I make no apologies about my love for Bill Bryson’s writing.  His blend of dry British humor, love of odd facts, and storyteller’s sense of timing combine to make, for me, something pretty close to perfection.  And his newest book is more of the same, showcasing his observations of a Britain very different from the one he first encountered in Notes from a Small Island.

One of the things that first drew me to Bryson’s writing was his humor.  I think some of it comes from the tendency of Brits to employ that wacky, off-the-wall sense of what would be funny.  Think Monty Python and the things they pulled on their TV show and in their movies.  But some of it seems to be specific to certain British print humor–I’m thinking of Terry Pratchett and Douglas Adams–wherein the author channels that wackiness into turns of phrase that sound absurd and yet are instantly recognizable as true or accurate.  It makes for some marvelous imagery, and rarely a chapter goes by in which I don’t dissolve into a giggle fit over something.

I also love Bryson’s sense of place.  What I mean by that is, he has this magical way of ferreting out the oddest bits of history concerning locations or time periods or the people in them, and then weaving it into his narrative.  You’d think that it would become boring or rambling, but it doesn’t.  Instead, you get this sense that absolutely everyplace has a forgotten history just waiting to be unearthed, and if you just look hard enough, you might find it.  Whether it’s the twisting streets and side-alleys of London or the broad sweep of the coast near Brighton, you can’t help but want to go there and see these wonderful places for yourself.

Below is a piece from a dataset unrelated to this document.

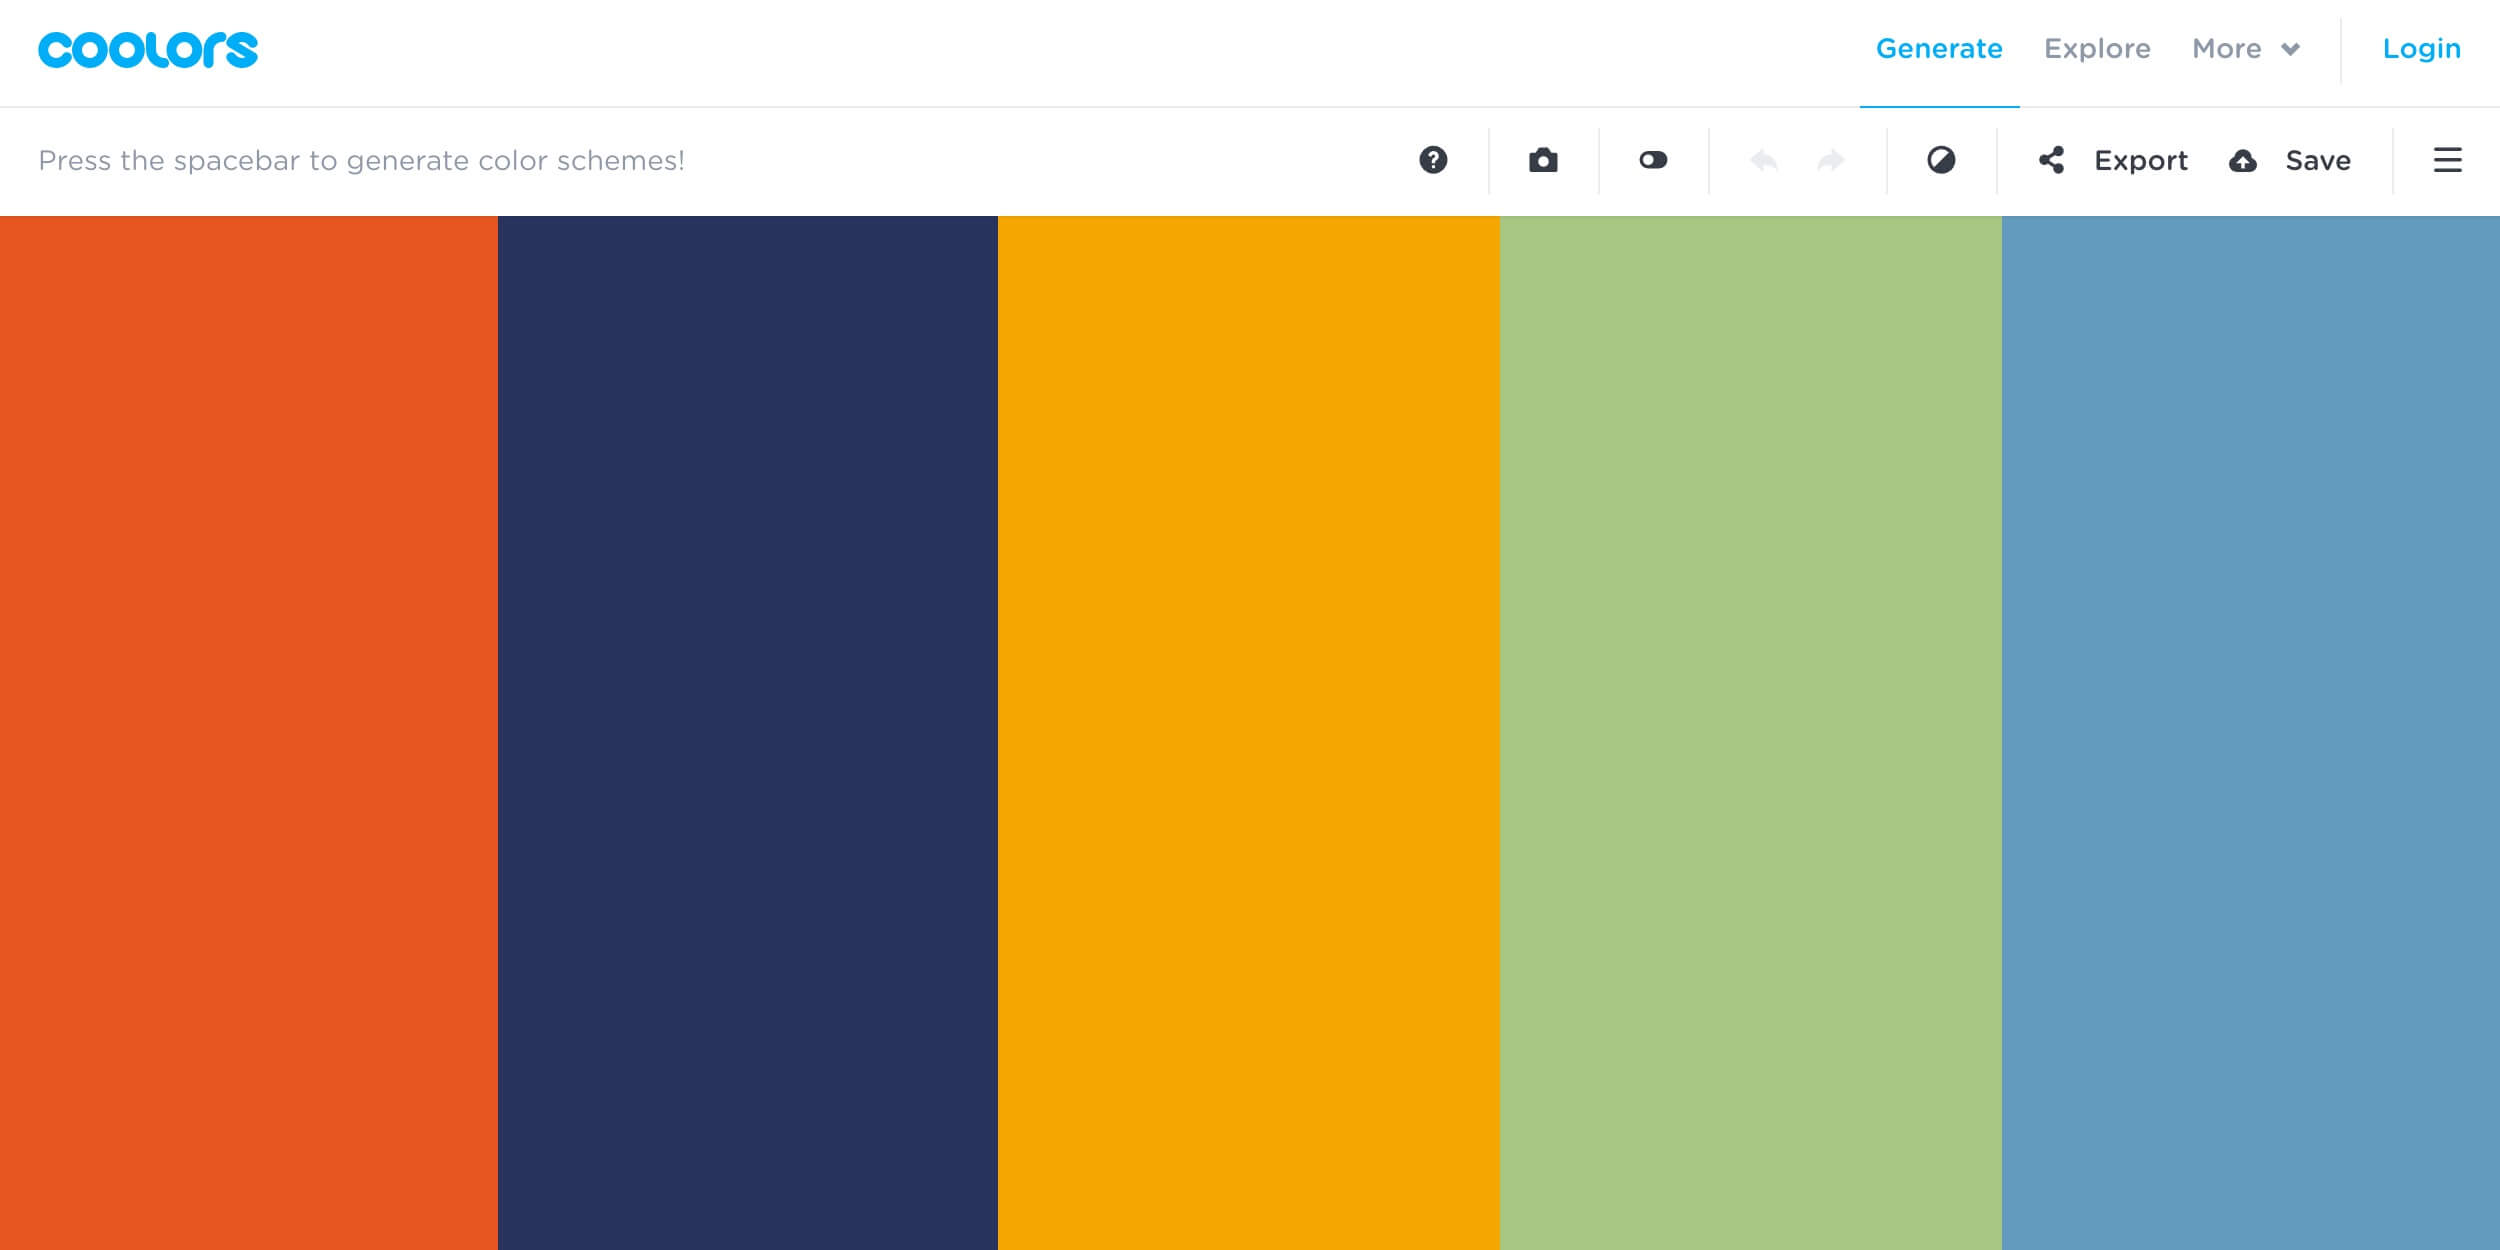 Coolors color scheme generator

Bryon is a little bit more curmudgeonly in this book than in previous ones.  He’s never held back on acerbic observations, but in this book it’s a bit more on display.  Some of this is the nature of the book itself: the author is revisiting places that have gone through tremendous amounts of change and economic upheaval, and it’s natural to think “Yeah, but back in MY day…”  Mostly it’s tempered with his humor, but there’s a note of wistfulness here, a note of disappointment, that so much has changed.  At one point, he sums up the situation succinctly by saying that the things that make England so charming (old churches, hedgerows, etc.) add nothing to the economy and are therefore in danger of being swept aside.

And yet, the love of his adopted country is still evident.  He may at times think that it’s silly, or misguided, or plain weird, but he still loves it.  And that’s what I like to see most–I want to see that love in his stories so that I can get a bit of that vicarious pleasure.  With luck, I’ll visit England one day myself, but until then, I’ve got no better tour guide than Bryson and his stock of tales.

This book was provided by the publisher in exchange for an honest review.